Dataset extract |
-*-*-
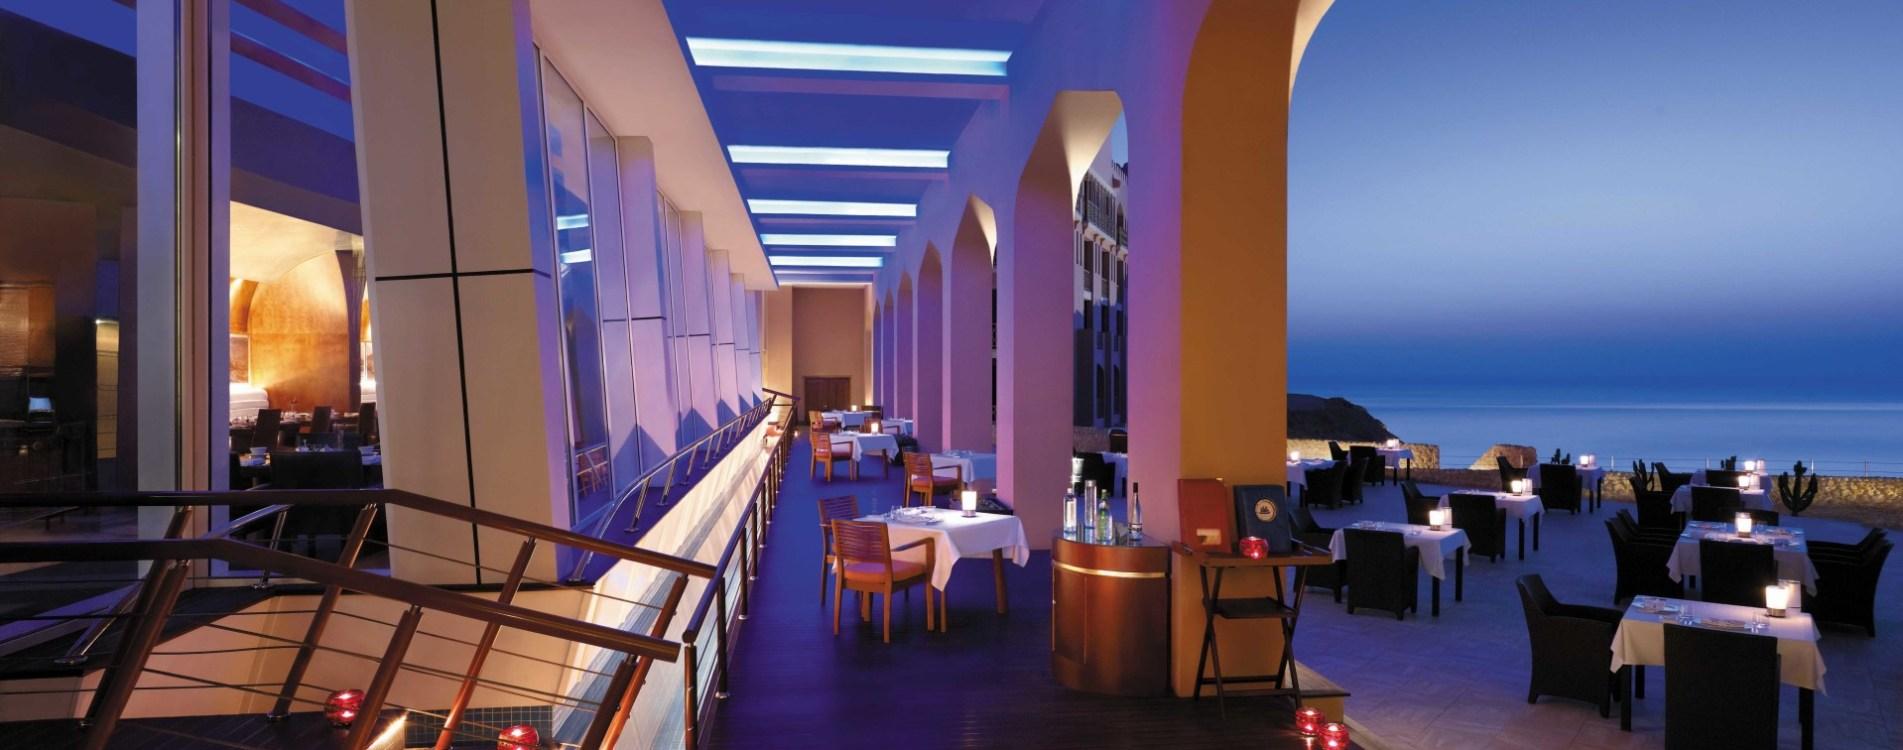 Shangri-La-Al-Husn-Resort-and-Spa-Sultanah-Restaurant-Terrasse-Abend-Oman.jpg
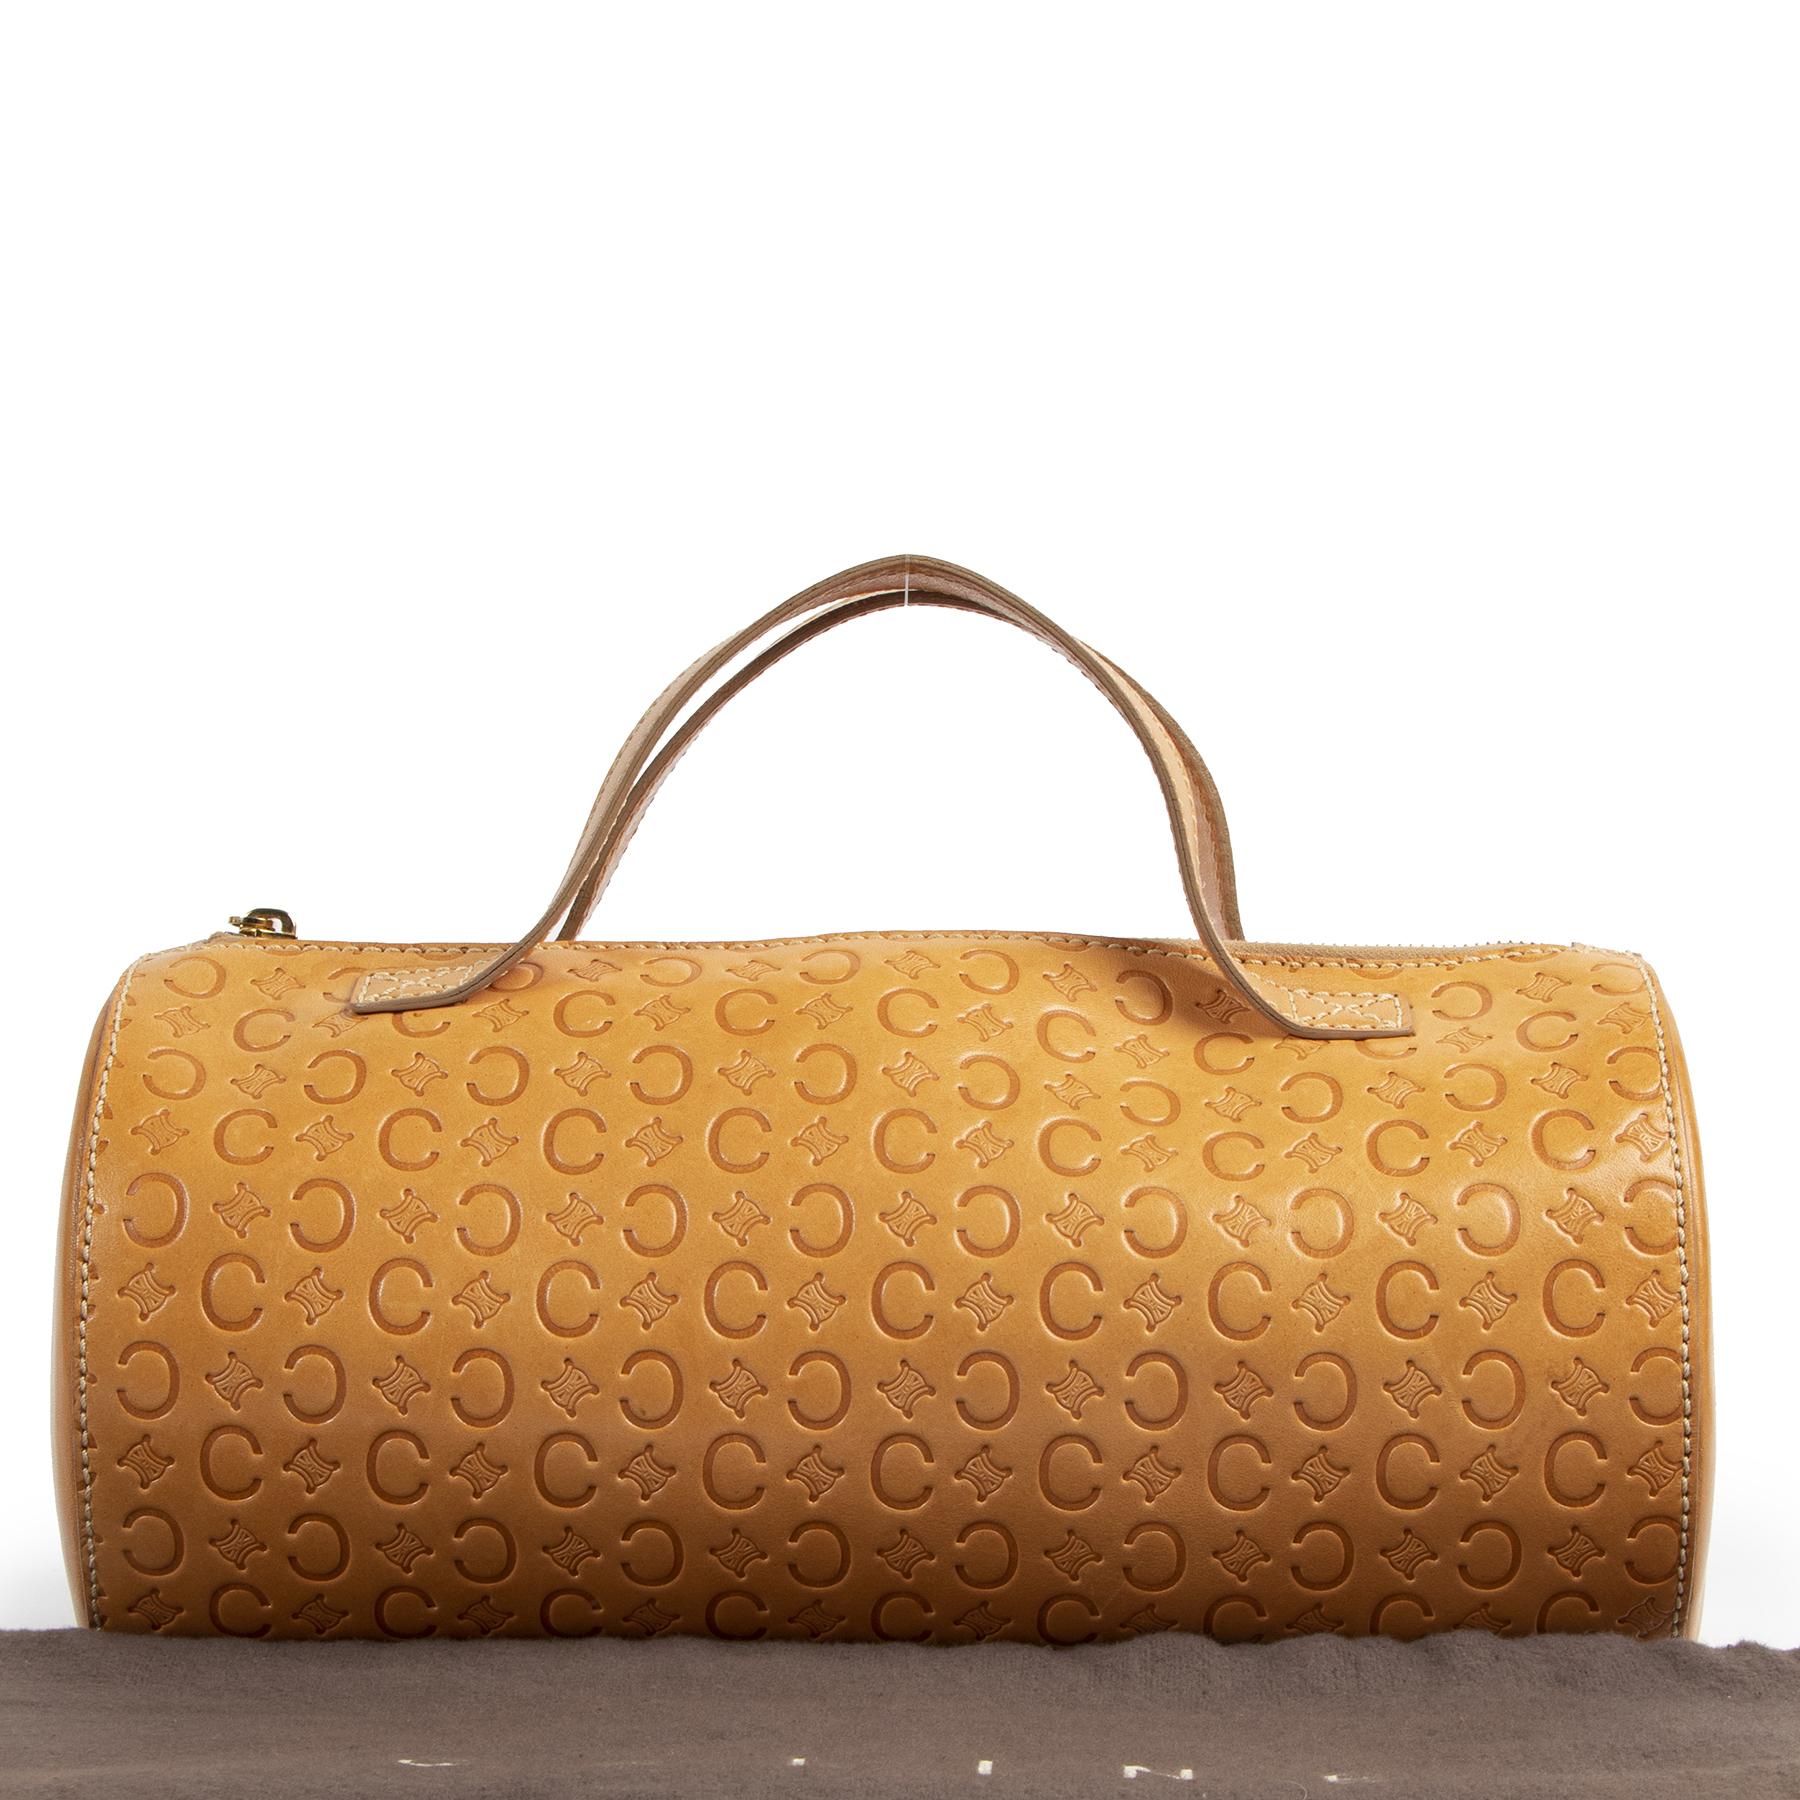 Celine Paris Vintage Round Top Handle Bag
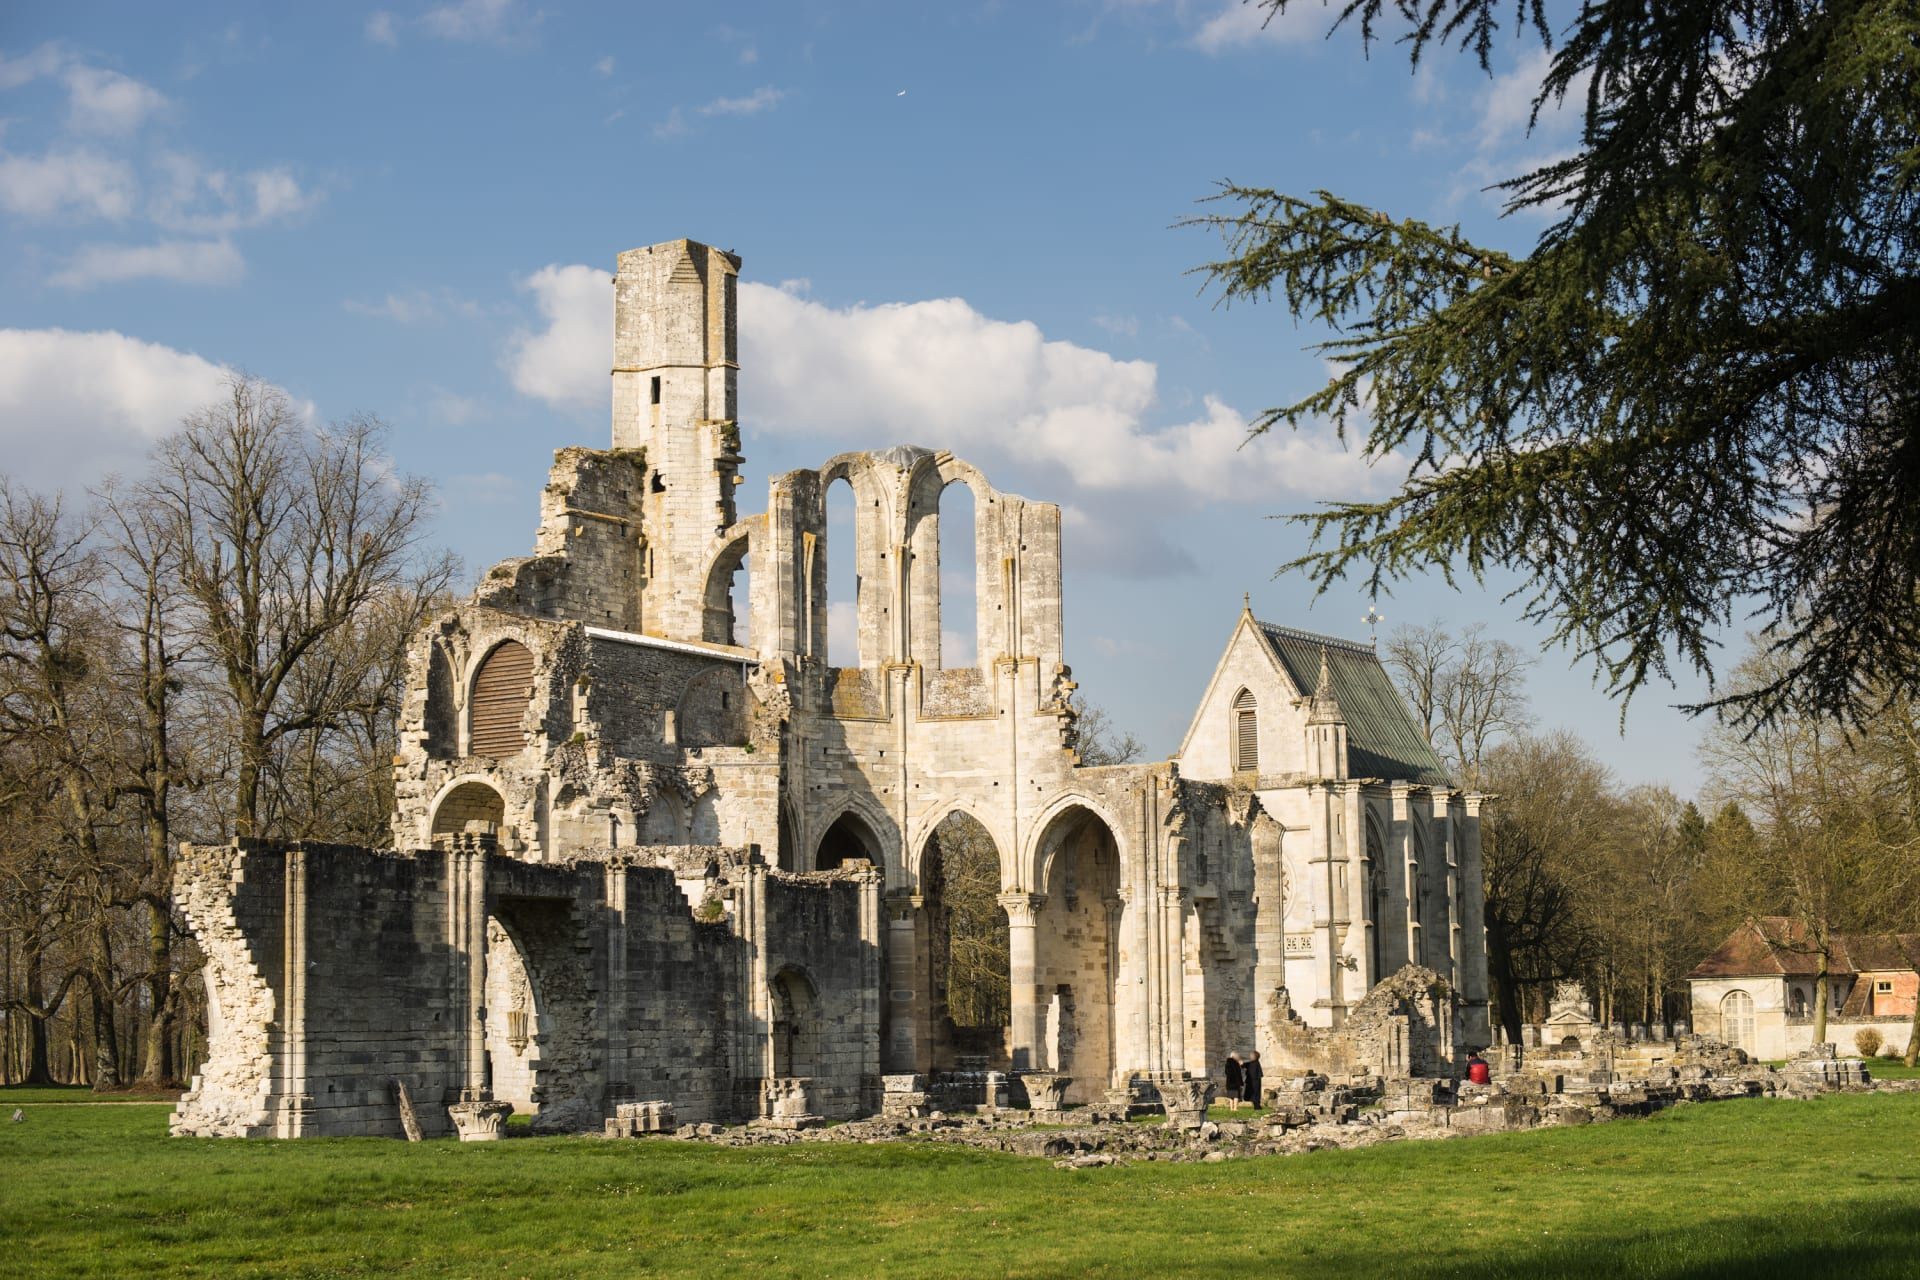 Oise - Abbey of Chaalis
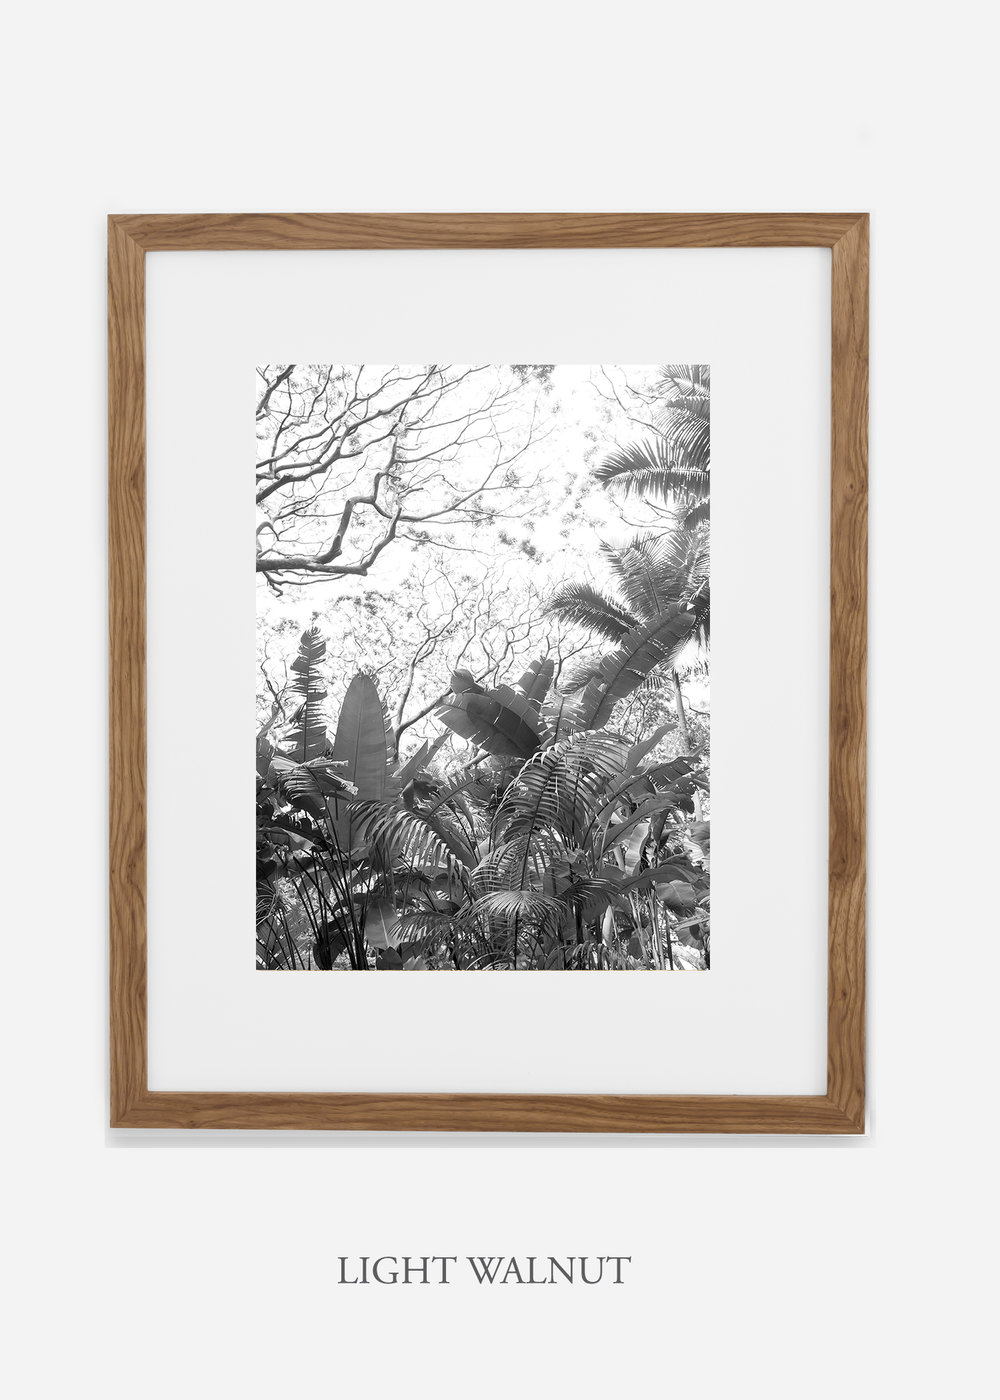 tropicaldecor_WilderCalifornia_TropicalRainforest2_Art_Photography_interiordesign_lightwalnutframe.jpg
-*-*-
Your instructions | Beginning with the line that contains "Celine Paris Vintage Round Top Handle Bag" and ending with the last line of the data above, output those lines exactly and nothing more, without any pictures.

Result of this task |
 Celine Paris Vintage Round Top Handle Bag
 Oise - Abbey of Chaalis
 tropicaldecor_WilderCalifornia_TropicalRainforest2_Art_Photography_interiordesign_lightwalnutframe.jpg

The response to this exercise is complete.